Let us try one more with a boosting model, using AdaBoost ensemble.

In [114]:
# creates a pipeline for the CountVectorizer and Decision Tree
pipe = Pipeline([
    ('cvec', CountVectorizer(stop_words = new_stop_words)),
    ('ab', AdaBoostClassifier())
])

In [115]:
# creates the pipe params for pipe
pipe_params = {
    'cvec__max_features': [4000, 5000],
    'cvec__min_df': [2, 4, 6],
    'cvec__max_df': [1.0, 0.8],
    'ab__n_estimators': [50, 100, 150],
    'ab__learning_rate': [0.9, 1.1]
}

In [116]:
# runs a grid search over pipe for the given params
gs = GridSearchCV(pipe,
                 param_grid=pipe_params,
                 n_jobs = -1)

# fits the grid search over our train data and prints best score and best params
gs.fit(X_train, y_train)
print(gs.best_score_) 
gs.best_params_

0.7979591836734693


{'ab__learning_rate': 1.1,
 'ab__n_estimators': 150,
 'cvec__max_df': 1.0,
 'cvec__max_features': 4000,
 'cvec__min_df': 2}

In [117]:
# print training and test scores
print(f'AdaBoost Classifier Training Score: {gs.score(X_train, y_train)}')
print(f'AdaBoost Classifier Test Score: {gs.score(X_test, y_test)}')

AdaBoost Classifier Training Score: 0.8880466472303207
AdaBoost Classifier Test Score: 0.7788461538461539


Looking at these final scores for the AdaBoost Classifier, we can see that the cross-validation and test scores are substantially lower than the logistic regression scores. Therefore, at this point, we can safely conclude that our final production model should be the logistic regression model.

We shall continue forward with the logistic regression model as our final production model with following features and hypermeters:

* Features: Lemmatized Text with English and Modified Stop Words
* Max Document Frequency: 100%
* Maximum Features: 5,000
* Minimum Document Frequency: 2
* Logistic Regression C-value: 0.1
* Logistic Regression Penalty: L2 "Ridge"

---

## Notebook Conclusion

In this notebook, we looked at a null baseline accuracy score for the sake of comparison of all subsequent models.

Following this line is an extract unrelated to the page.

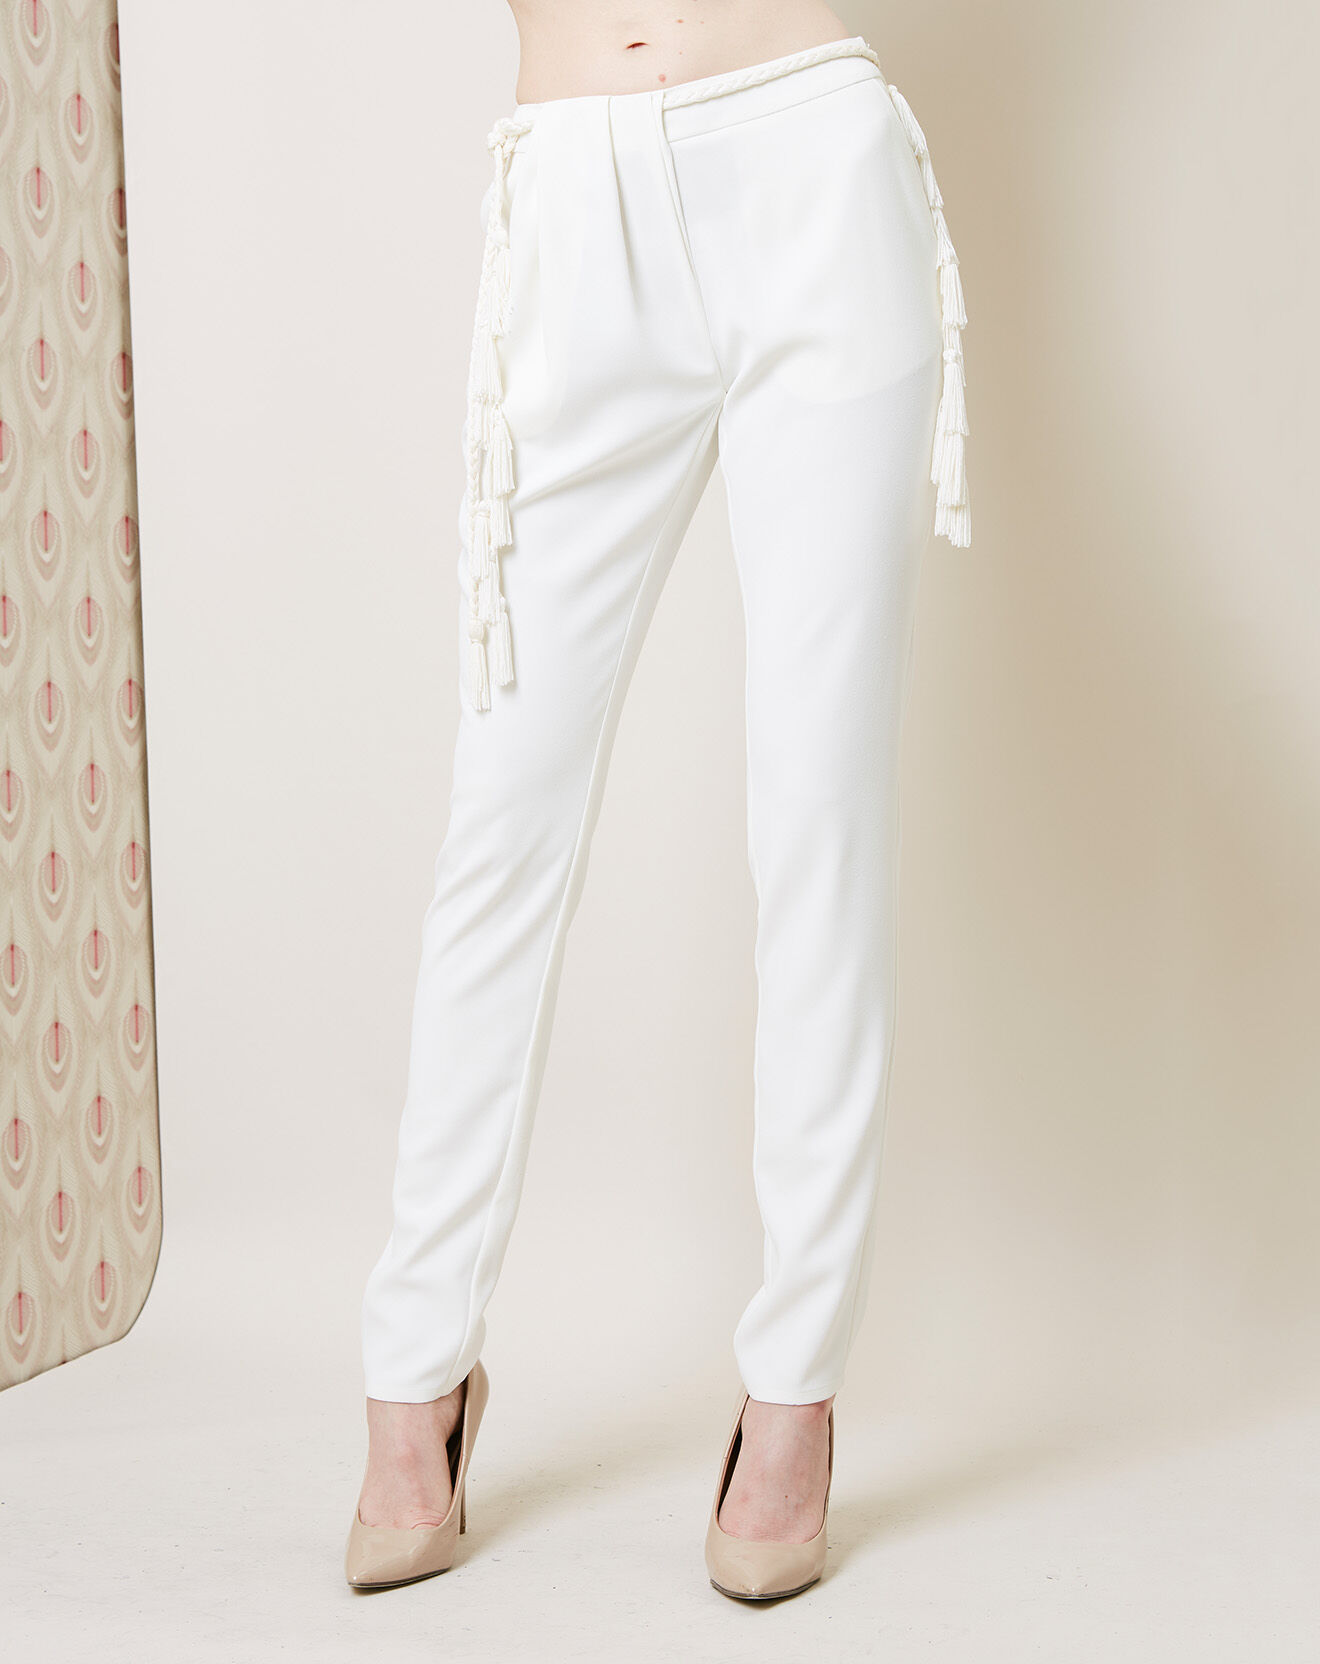 Pantalon avec ceinture écru

We then built a series of preliminary models using logistic regression and the same hyperparameters over a grid search, changing only the features used in each model to do some more specific feature selection. Then, we iterated with those selected features through six different models to compare against our null baseline and preliminary model to determine which was the best fit for our final production model. We determined that the logistic regression preliminary model outperforms the other iterated models, and we will use the logistic regression as our final production model.

Now that have our final production model in the form of a logistic regression, we can begin a final evaluation of how well our model performs on other metrics besides accuracy alone. In Part 5, we will look at the other metrics including precision and recall, as well as the f1-score to determine how well how model is doing in answering our problem statement.